The Cavern Pub is full of people, we Italians are perhaps the last to arrive in this human community that has existed for a long time and that welcomes us with sympathy and a certain amount of curiosity.
The historical group of English and Dutch friends has maintained contact during the years, there are familiar faces that crowd the pub, some of them we know for some time, others we have only heard of.
I immediately greet James Ingham and his girlfriend, and then Patrick Rowles, with them I am in good confidence, we met in 2011 during my first interview at Robert Borland’s home, to make the book.
Jean-Paul Van Mierlo arrives with his wife, we met in 2016 in Amsterdam during the wonderful evening of the presentation of the film at the International Documentary Festival (IDFA).
Audrey Eade does the honors, introduces us to other people, friends, wives, husbands, enthusiasts. The place is noisy and our difficulties with understanding English penalize us a little. I’m excited, I get confused, there are people I can’t immediately frame, I don’t realize for example that Robert, with the red jersey, who also went on stage during the first set with Elliot, Jan and Bob, is Audrey’s husband, I find out the day after the concert, when I find myself with fifteen of them, and with him, at the Merton & Sutton Cemetery, in the Morden area, to bring our greetings to Adrian.

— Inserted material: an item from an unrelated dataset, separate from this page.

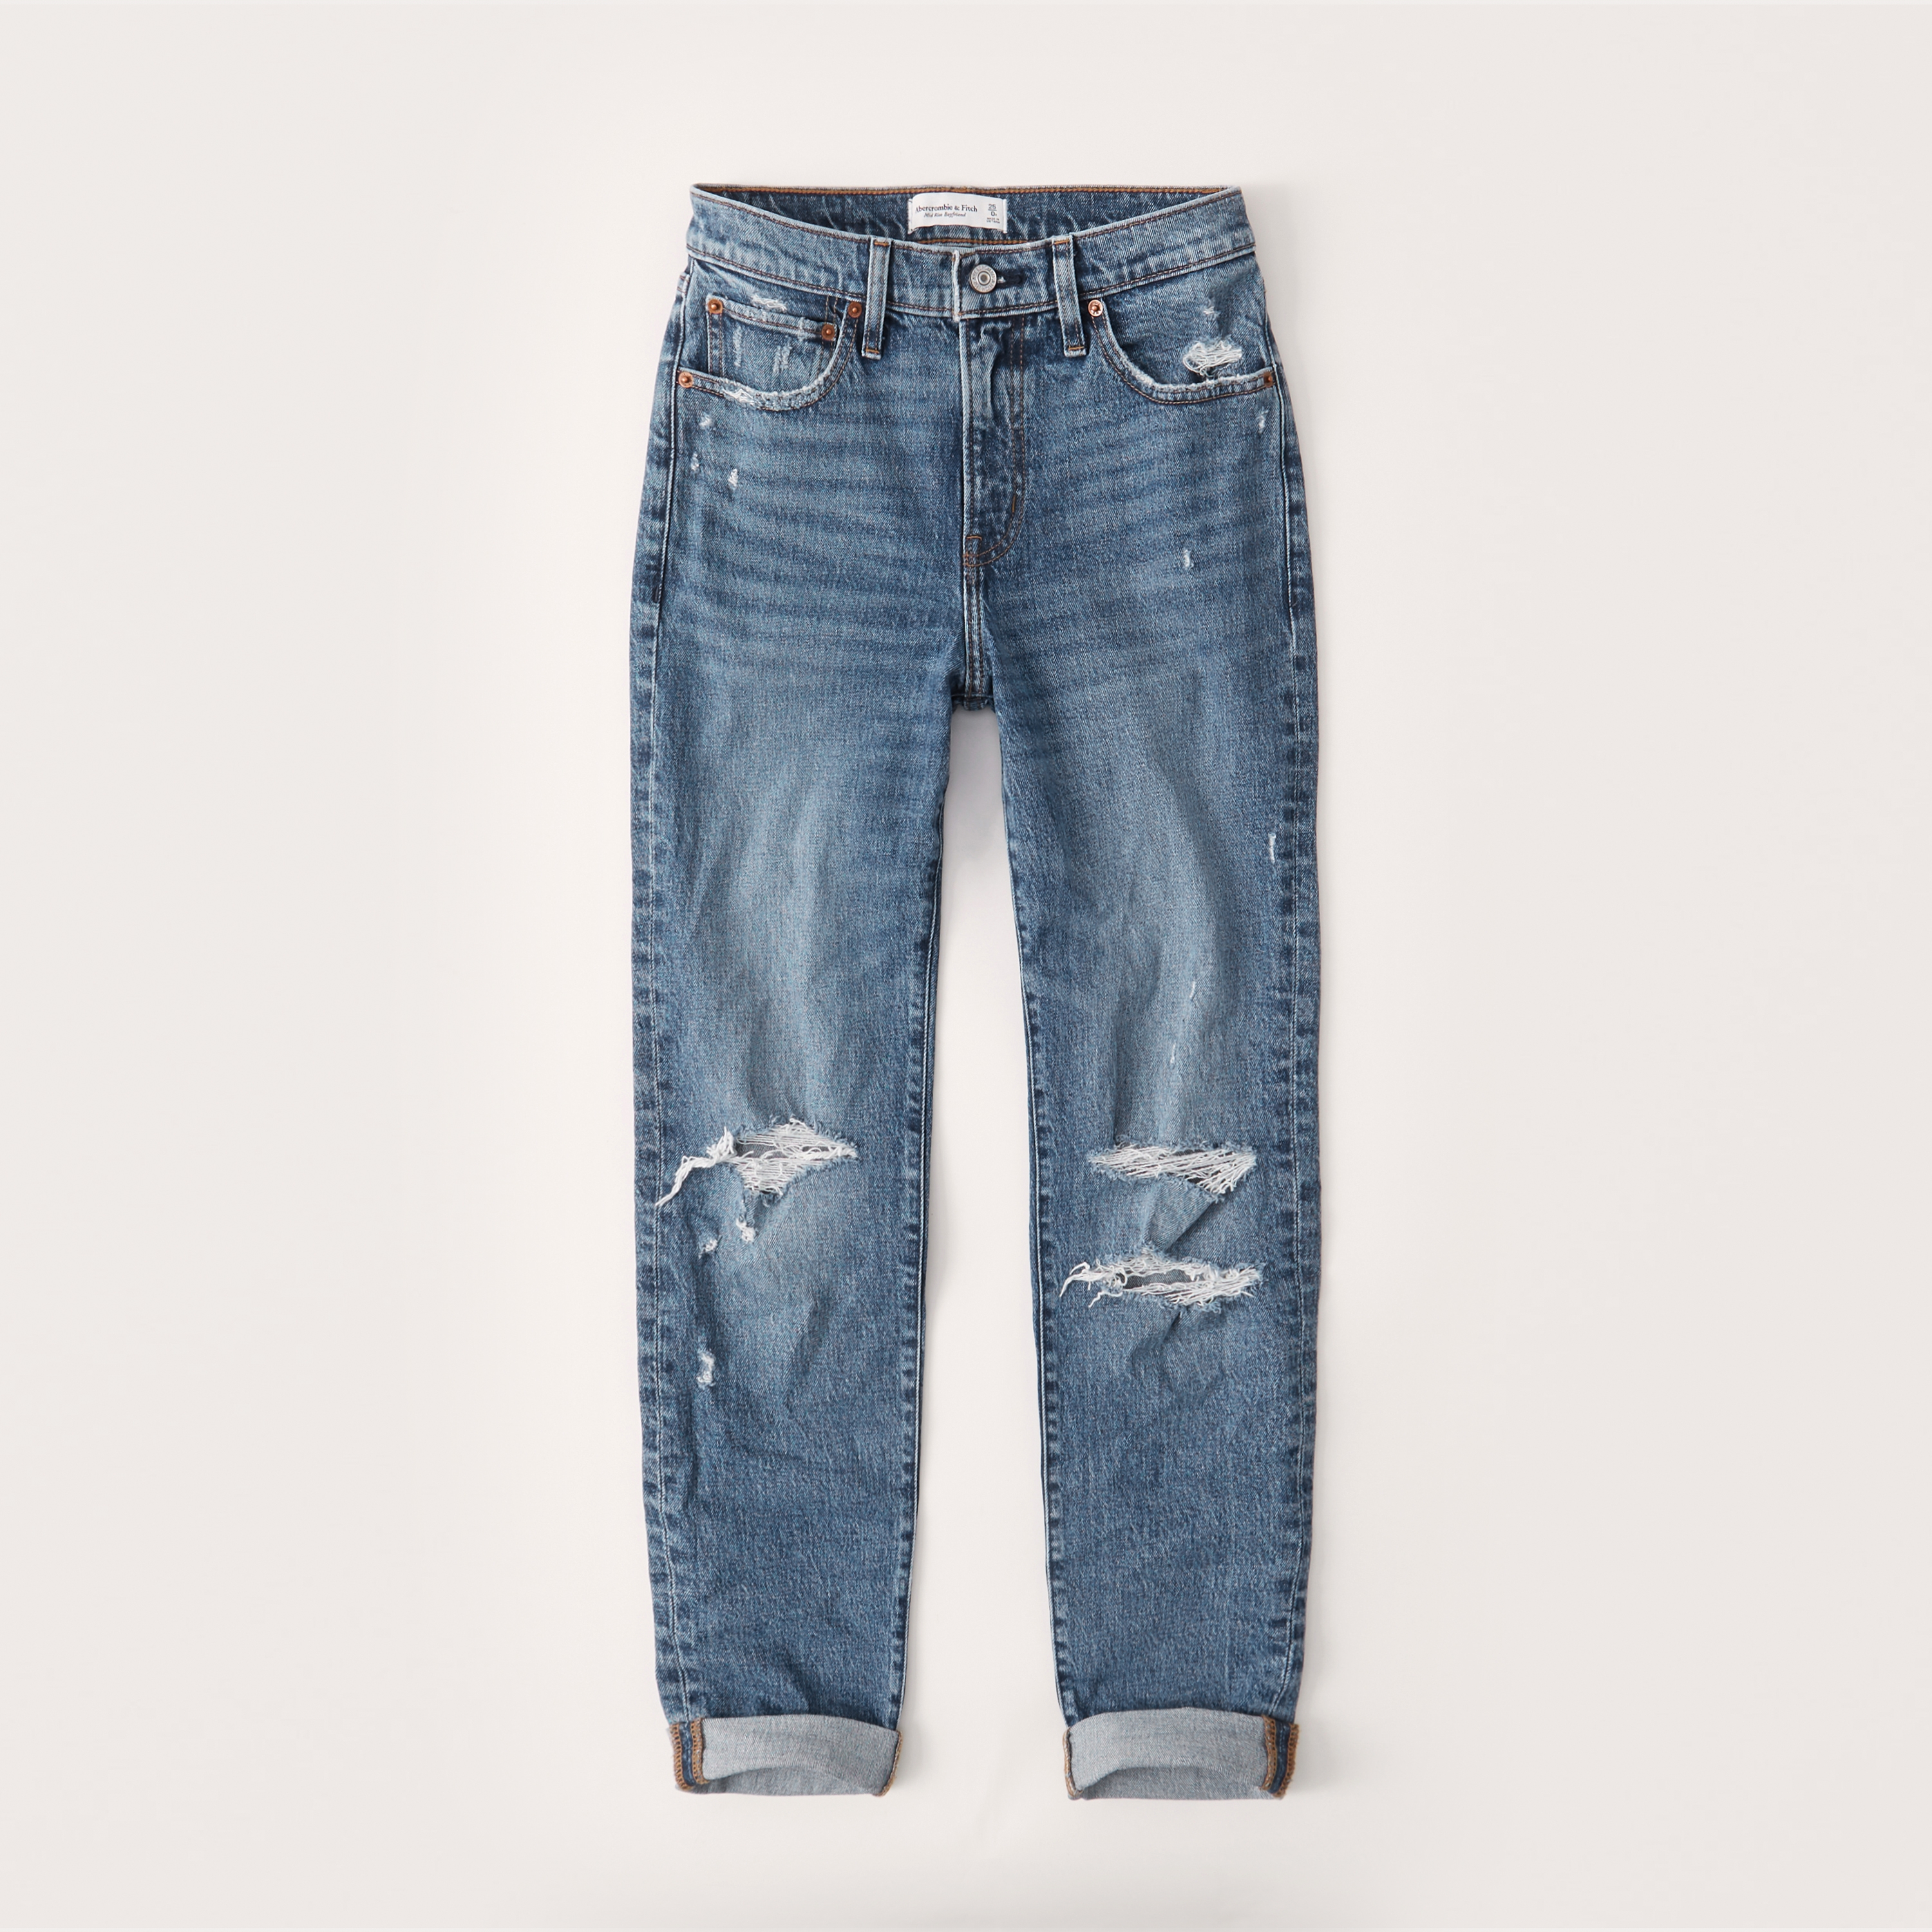 abercrombie & fitch low rise jeans

In the pub there are several gentlemen who are pleased to meet us Italians, all tell us something, tell us what part they had, as young people, in this collective story. On the stage, an elegant and elderly gentleman comes up, he introduces the bands and officially opens the meeting. He is one of Adrian’s oldest friends, perhaps his own classmate, he is about the same age, his name is Peter Trower, the next day he is with us at the cemetery.

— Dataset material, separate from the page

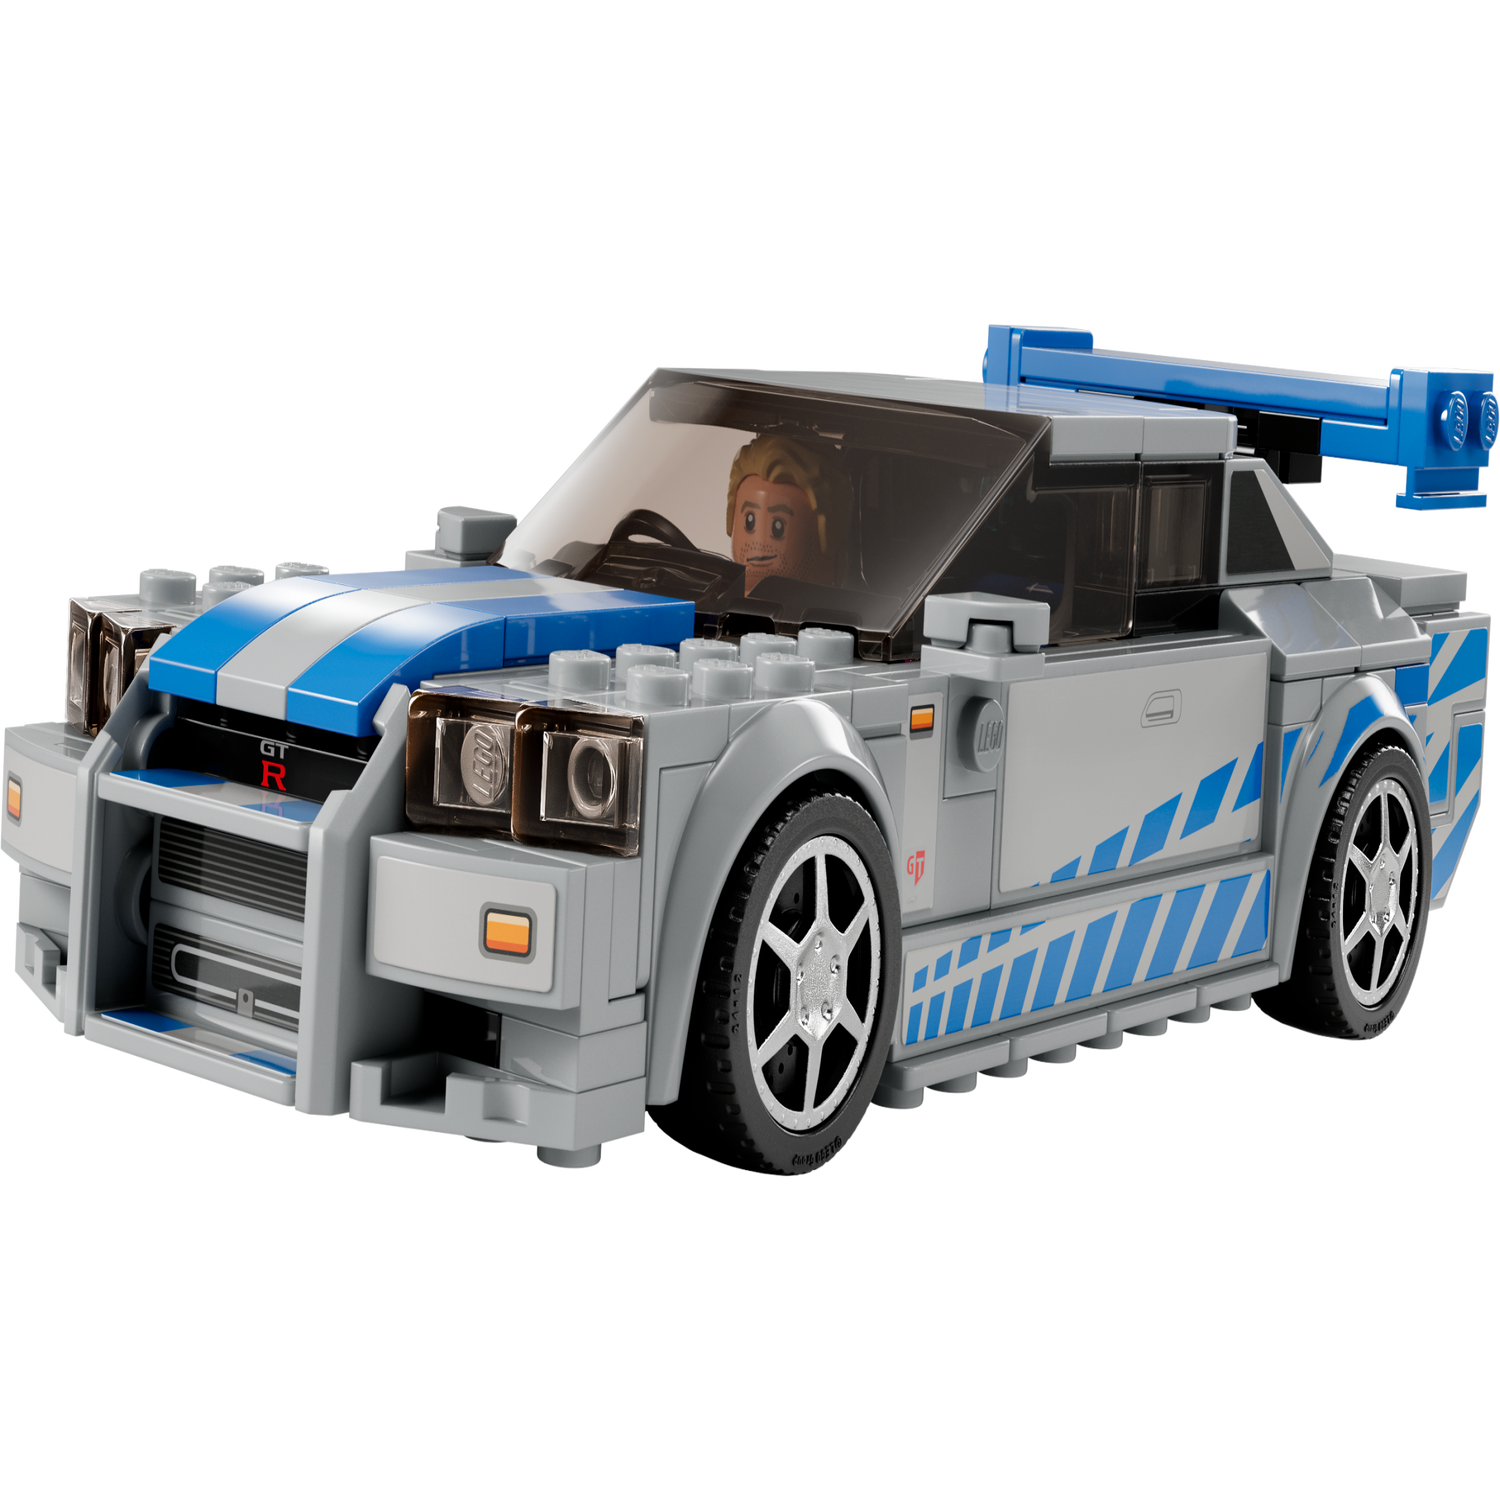 Nissan GT-R R34 Lego Set Coming—including a Brian O'Conner Minifig

Back in Italy, Facebook helps me to reconstruct the puzzle made of faces, informations, stories. From 2011 to 2016 I collected a lot of material to write the book, and of course also many images. There is one that dates back to the summer of 1992, Adrian is on holiday in Crete with two of his friends: I only find out now that it’s Peter Trower and David Hawkins.
David is also present at the Cavern, and with us too, the next day. We speak little, but then we do a nice stretch of road together on foot, towards the bus stop, just enough to introduce ourselves, to say who we are, where we live, to mention our jobs, our normal Italian life that we daily conduct, with Adrian’s music we let it flow in mind as a permanent soundtrack.
We also meet Elliot Wheeler physically for the first time, but we know him better thanks to the more frequent contacts on Facebook already made in these years. Elliot has a particular visibility, has played with many groups and is socially very active.
Next to Audrey in the pub is a beautiful girl, typically English, blonde and smiling, talking to me and the Italian ladies, but even in this case I don’t totally understand what she wants to tell me. Marina then tells me: “Ehi look, she is I.V. Webb, who sang with Adrian on the Cinematic record, also collaborated with Dead Can Dance, has a wonderful voice”.
What a pity, I had been more lucid and concentrated, I would have asked her a thousand questions, I would have asked her many things.
But the best meeting is with a gentleman who approaches me and thanks me for making the book, some of his friends introduce him to me, “he is Rick Hussey”, and when I hear his name I immediately understand, he was the technician of the lights of the band, in my book there is a photograph that shows him with Max Mayers, Mike Dudley sent it to me. So I rush to get a copy of the book, I put some in the vicinity of the stage, I want to give it to him, I insist, but he tells me not to worry, and to want to be the one to deliver to us, to me and to Jean-Paul Van Mierlo, some old materials concerning the band, he takes them to the hotel.
We sit outside the Pub, talking, a photographer appears, his name is Alan Bell. “He is the photographer who made these famous photos of Adrian, look!” Jean-Paul tells me. These are the photos of the last few years, those of the publication period of 5: AM.
Alan Bell asks us to be able to photograph ourselves, Rick Hussey and me, Jean-Paul and me. We talk and deploy all together, amiably, there is a beautiful atmosphere, a happiness that unites us.
“Max was a great person” says Rick, “a very dear friend to me”.
The conversation is pleasant with everyone, but the concert is there on stage to attract our attention, it’s difficult to reconcile the excitement of live show with public relations.
After Kevin Hewick’s performance I approach him and introduce myself, he seems upset, maybe there is something about his show that didn’t satisfy him, but it’s only an his personal feelings that we can’t grasp, for us it was pure adrenaline. We hug like old friends, he gives me two of his CDs that I now jealously keep.
The following morning also Kevin is with us at the cemetery, each hands Adrian a flower, someone deposits the guitar pick on the tombstone, someone else, like me, remains absorbed in his thoughts. Twenty years have passed since the death of this dear common friend.
The faces of each of us now show the signs of a life that has gone, but whatever happened it was an adventure, an inevitable path, with all its baggage of pains, defeats, failures that break us down, but then, when the love, friendship and passion pervade our eyes, even as short flashes, it returns the emotion that is the salt of everything, and brings us back to the unshakable things we love.